# Visa advice needed please ; )



## ciacciom (Jan 25, 2011)

I will be visiting Thailand for 6month to one year starting April 1, 2011. I am a US resident and citizen. I work as an independant computer programmer from home and am financially independant. Please tell me what type of visa I should get.

Sincerely, Mike Ciaccio
1.561.339.6144
skype: mikeciaccio1


----------



## brianmarinus (Apr 4, 2010)

Hi!
You will need a none immigrant visa o multi entry -multi entry, if you want to leave the country,for visiting example,Myranmar(Burma)Laos or Cambodia.


----------



## HomeExchange (Feb 7, 2011)

Yeah a non immigrant O multi entry visa is the one to go for - although depending on your consulate not always the easiest to get.


----------



## buckbenn (Dec 18, 2012)

Depends on what you want to do here. If you want to study Thai you can easily get a long term visa (up to several years) after arrival. Many schools offer it. 
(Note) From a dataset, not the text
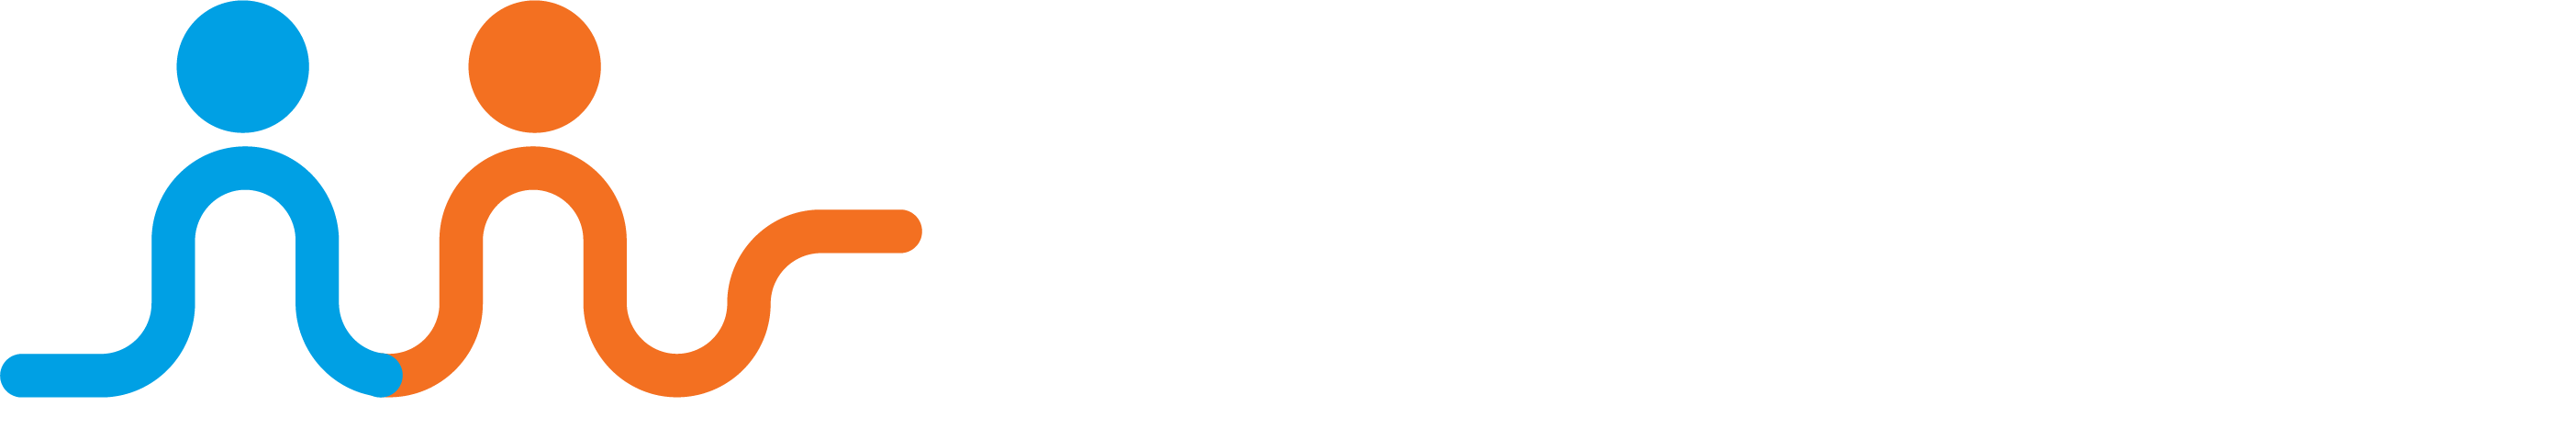 EI Technical and Innovation Programme logo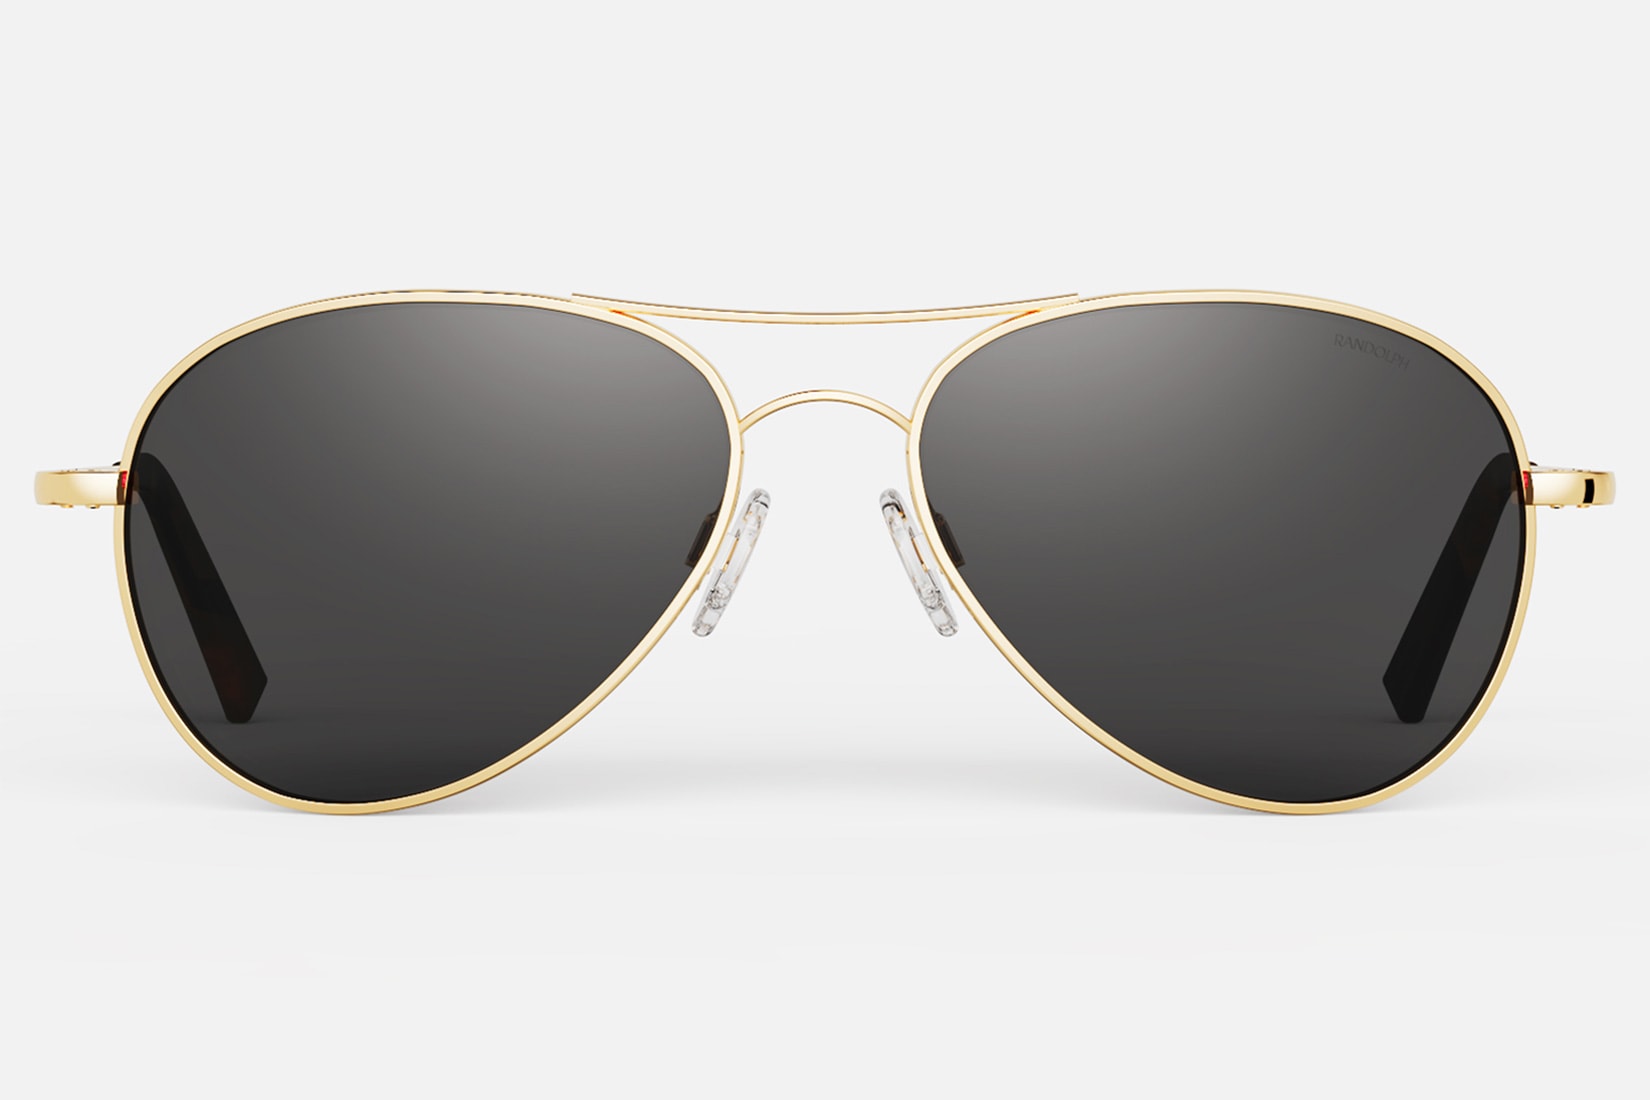 Randolph USA amelia women sunglasses review - Luxe Digital

Since you are American, definitely get a two month (extendable to 3) tourist visa before leaving. (If you cannot get the "O"). One trip to Laos or Burma after that will give you a double entry good for 6 more months. (You'll have to extend at immigration after each two months, and do a quick border run after the first 3 months.) 

Sounds like a pain and it is, except that you usually meet some good new people and have a good time. Many companies offer these services.


----------